Here is is what I’m missing now: I want any(map(x -> x > 0, big_rand_array)) to lazy evaluate without computing on all elements, yet it appears to allocates big resulting array of map and only then passes it to any.

(this is “first steps” question)
Thank you very much,

FPGro · January 16, 2021, 9:19pm

Hi there,

you may be interested in this thread Best Data Manipulation packages 2020-09 [video]

Lazy.jl can give you lazy evaluation: https://github.com/MikeInnes/Lazy.jl

And then there is Transducers.jl and the things that use it, not lazy AFAIK but pretty cool: GitHub - JuliaFolds/Transducers.jl: Efficient transducers for Julia

Satvik · January 16, 2021, 9:29pm

One option is to use Iterators (Iteration utilities · The Julia Language)

a = Iterators.filter(x -> x > 0, big_rand_array)
b = Iterators.take(a, 1)
c = length(collect(b)) > 0

Will lazily iterate over your list and return true if any matches are found.

ericphanson · January 16, 2021, 9:30pm

You can use a generator, like

any((x > 0 for x in -5:5)) # true

mcabbott · January 16, 2021, 9:45pm

Many of these reduction functions can take a function as the first argument: any(>(0), randn(2)) ought to be efficient.
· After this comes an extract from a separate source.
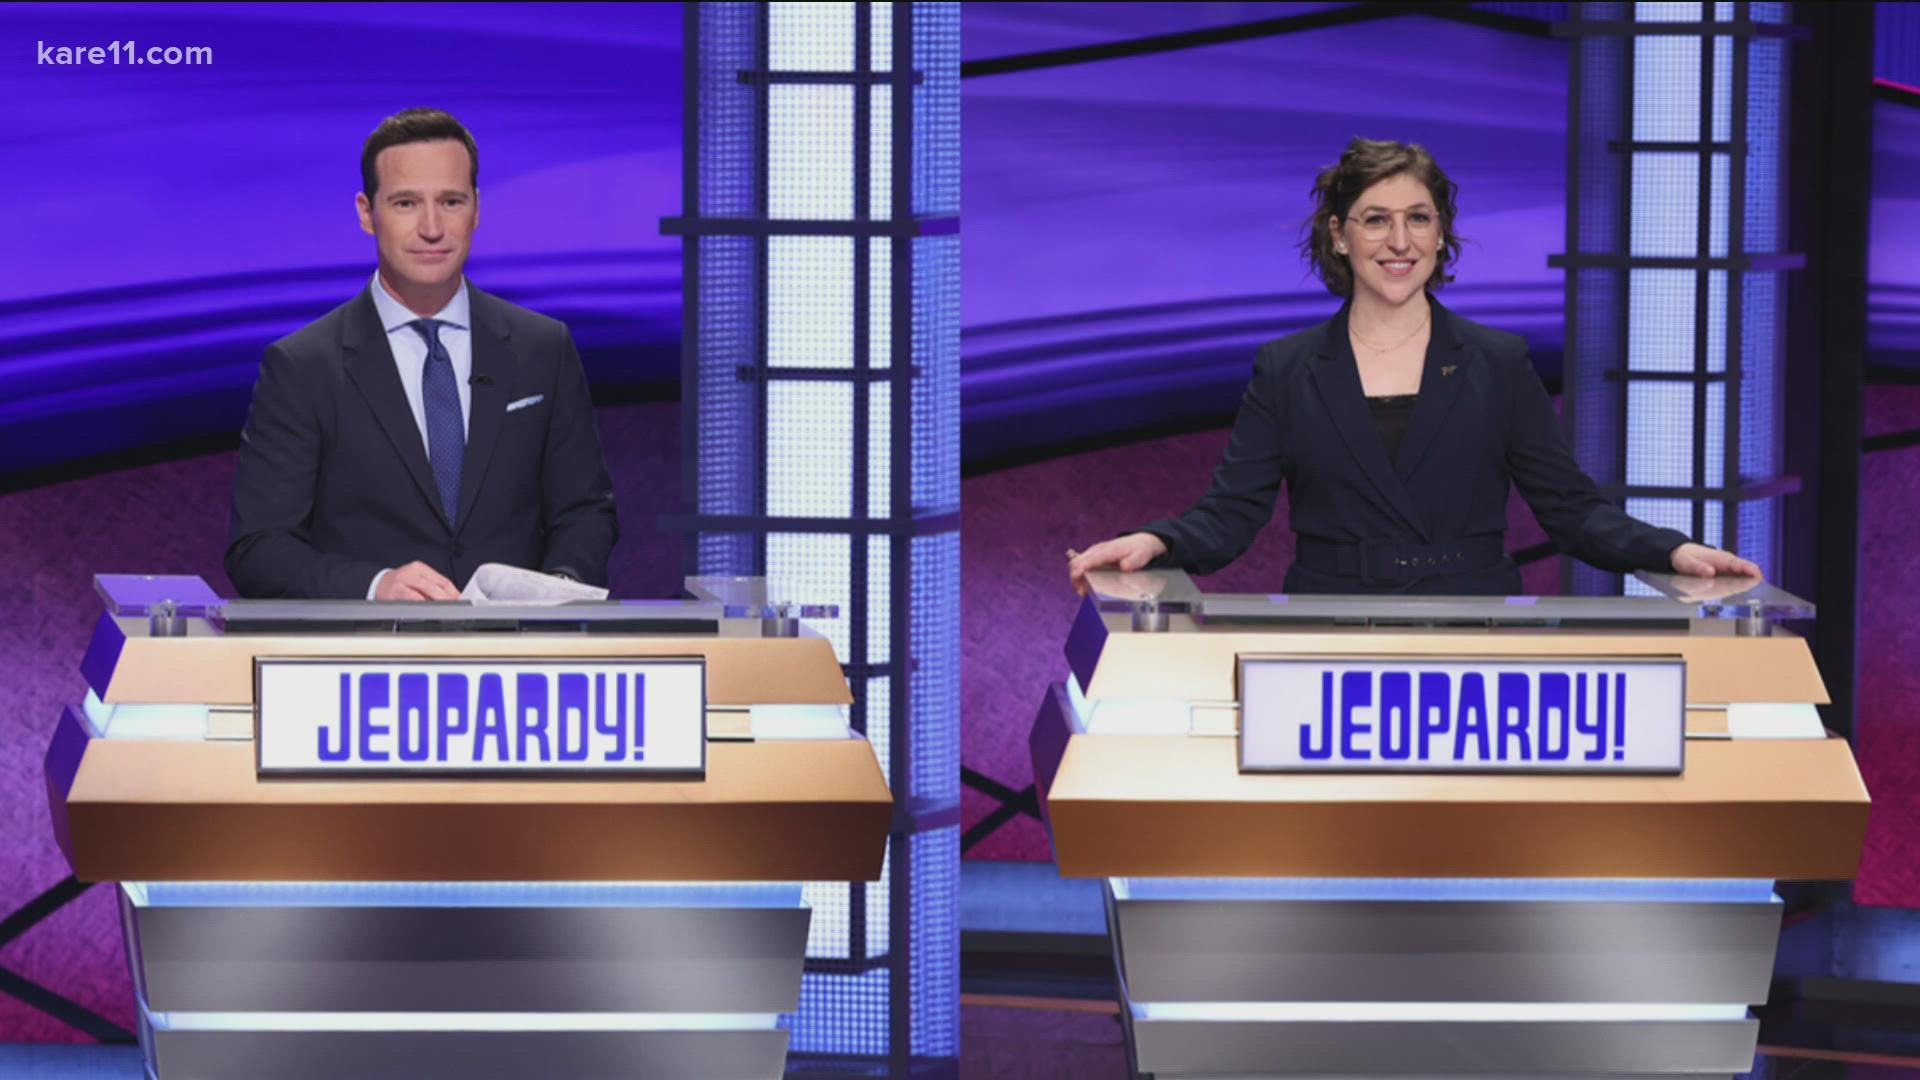 Jeopardy! fans are known for their passion, and now they're reacting to the announcement naming 2 new hosts of the long-running game show.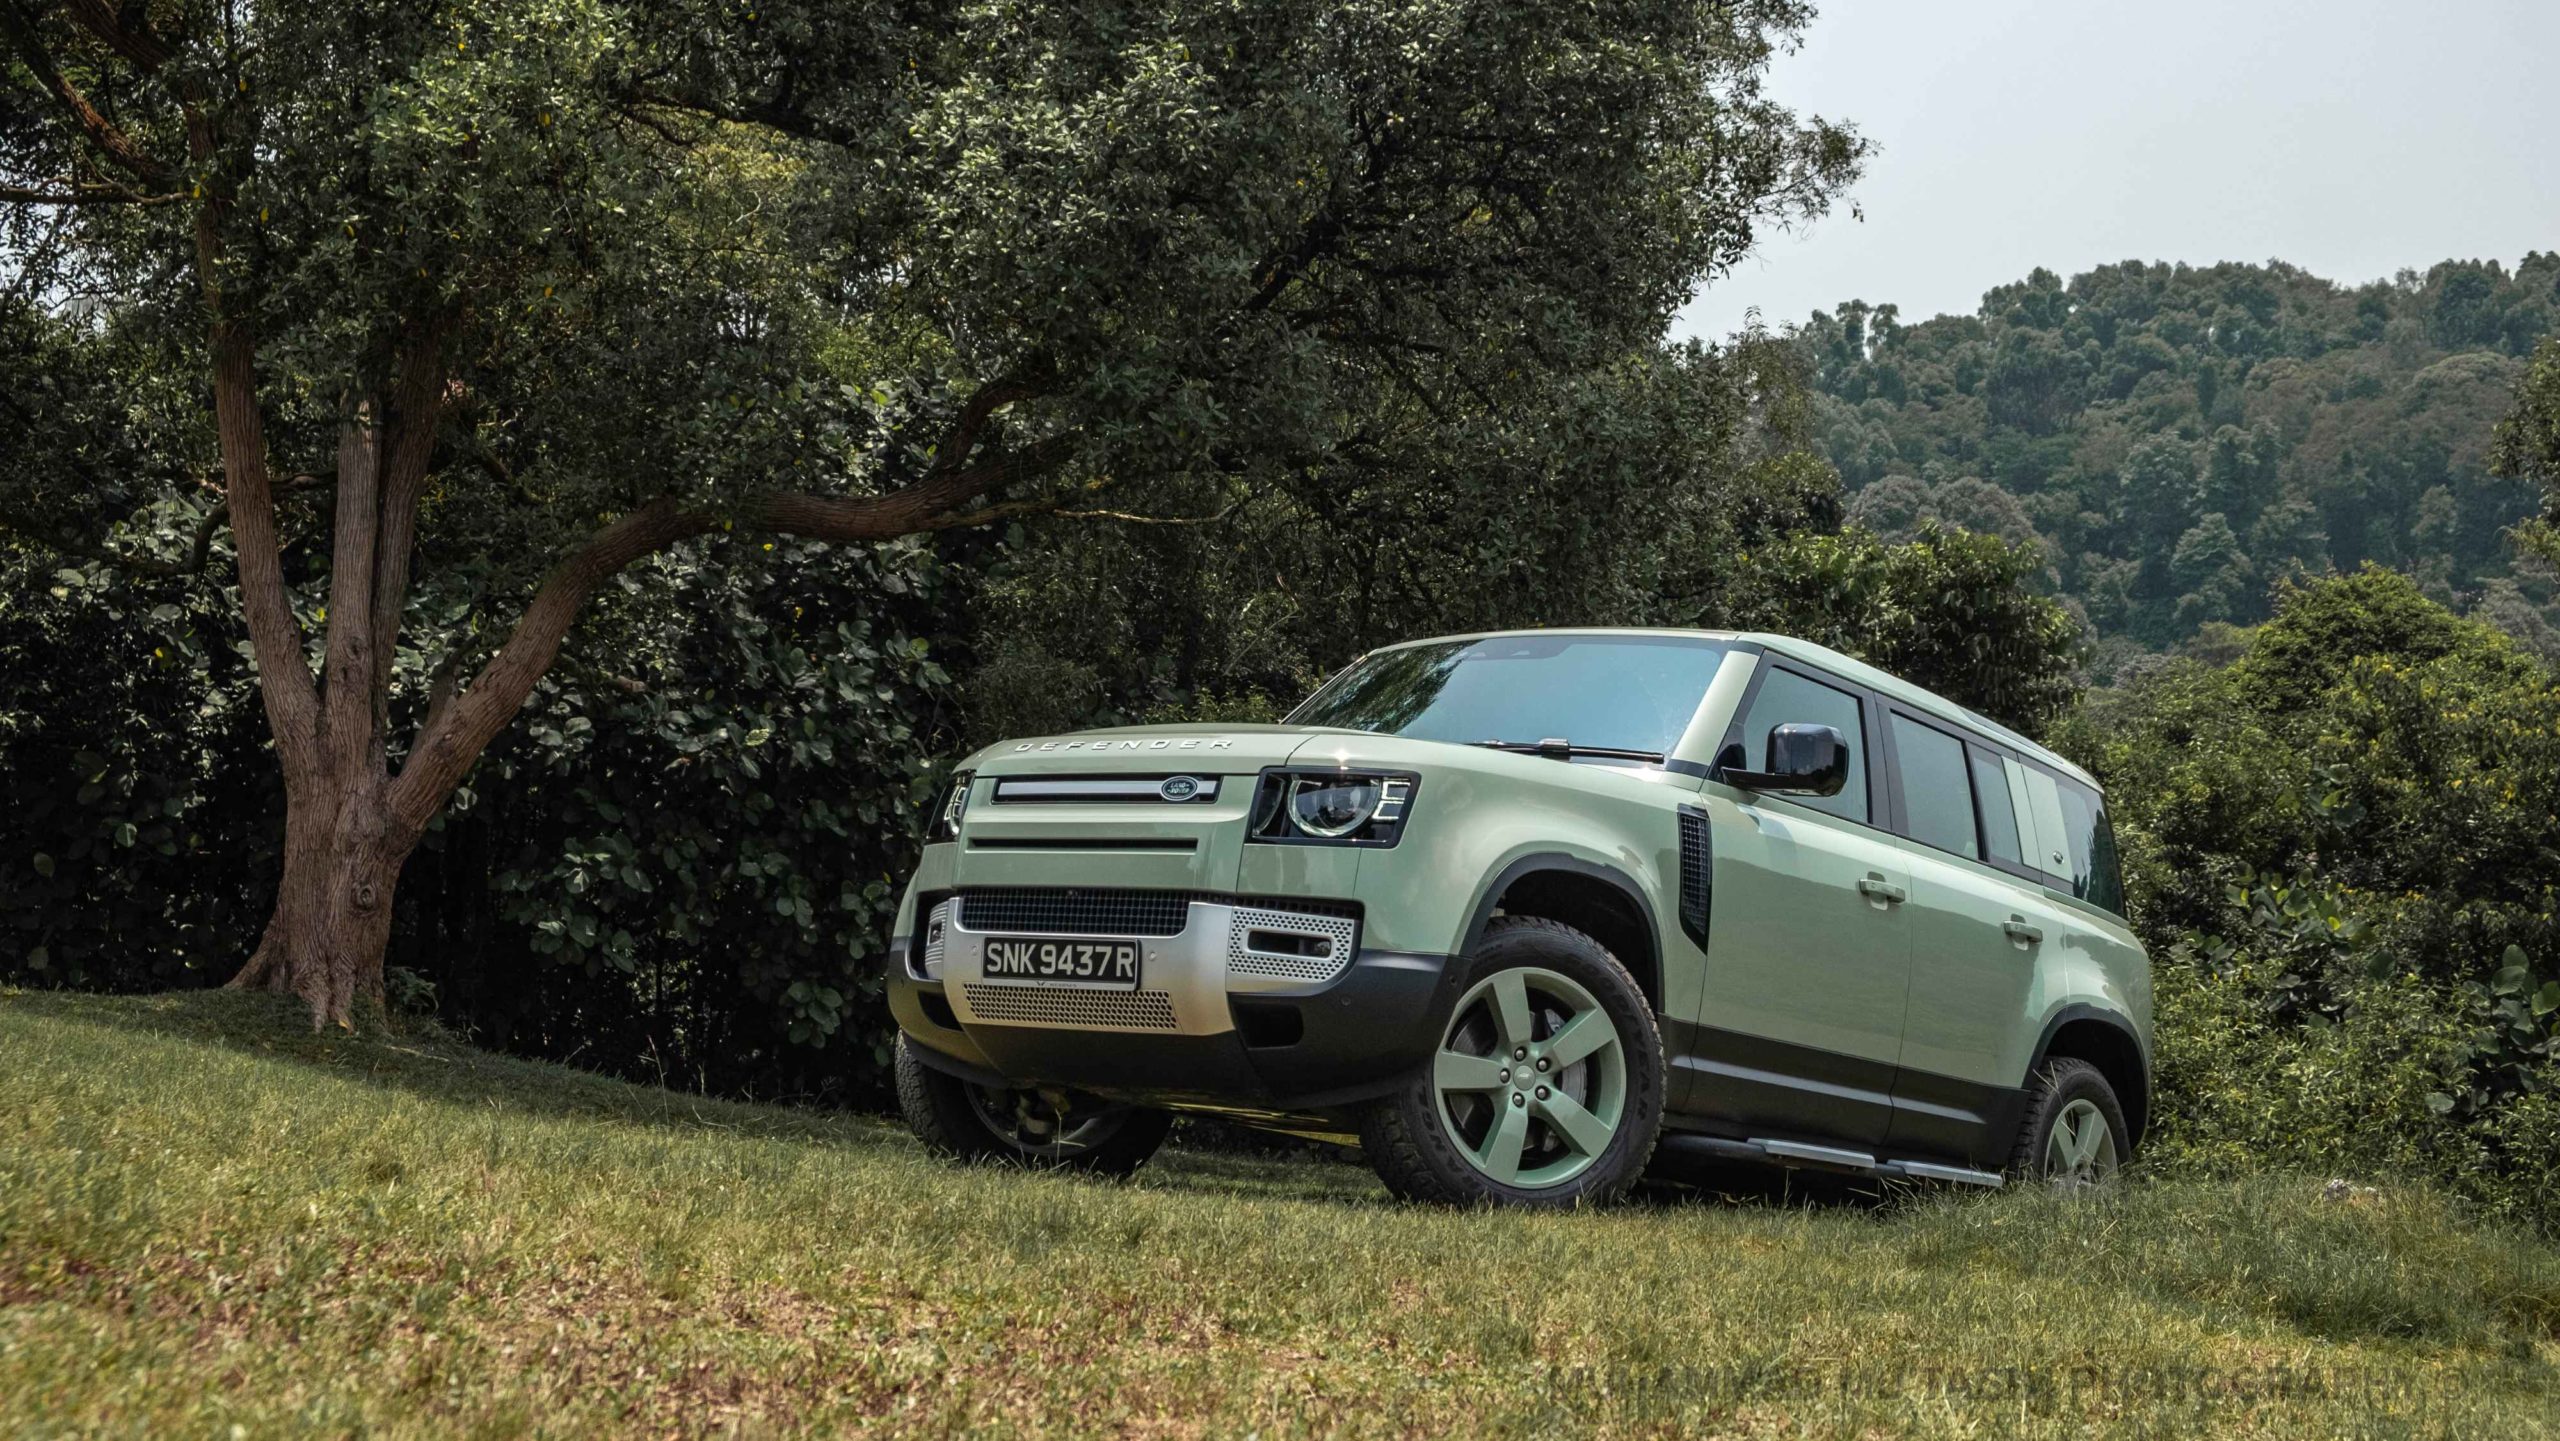 mreview: land rover defender 110 75th anniversary limited edition – high-def high-rider

There is a lazy map, but here you may as well combine them: any(f, Iterators.map(g, xs)) == any(f∘g, xs).

rafael.guerra · January 16, 2021, 10:01pm

@ericphanson, why not single parentheses?

CameronBieganek · January 16, 2021, 10:35pm

In Julia v1.5, Iterators.map does not appear to be lazy:

julia> Iterators.map(x -> 2x, Iterators.repeated(1, 3))
3-element Array{Int64,1}:
 2
 2
 2

mcabbott · January 16, 2021, 10:41pm

Oh I forgot which version, again, sorry, it’s in 1.6 then. It is however identical to writing the generator:

julia> Iterators.map(sqrt, 1:10)
Base.Generator{UnitRange{Int64}, typeof(sqrt)}(sqrt, 1:10)

julia> (sqrt(x) for x in  1:10)
Base.Generator{UnitRange{Int64}, typeof(sqrt)}(sqrt, 1:10)

ericphanson · January 16, 2021, 11:28pm

True, forgot you don’t need two sets there

Mason · January 17, 2021, 12:55am

Transducers are lazy.

julia> using Transducers

julia> Iterators.repeated(1, 3) |> Map(x -> 2x)
Base.Iterators.Take{Base.Iterators.Repeated{Int64}} |>
    Map(Main.λ❓)

julia> Iterators.repeated(1, 3) |> Map(x -> 2x) |> collect
3-element Vector{Int64}:
 2
 2
 2

tkf · January 17, 2021, 1:50am

FYI, there’s Compat.Iterators.map for older Julia.

Somewhat unfortunately, as of lowering: remove incorrect comprehension eta reduction by vtjnash · Pull Request #39139 · JuliaLang/julia · GitHub it’s not the case:

julia> (sqrt(x) for x in 1:10)
Base.Generator{UnitRange{Int64}, var"#1#2"}(var"#1#2"(), 1:10)

(but it’s required for correctness)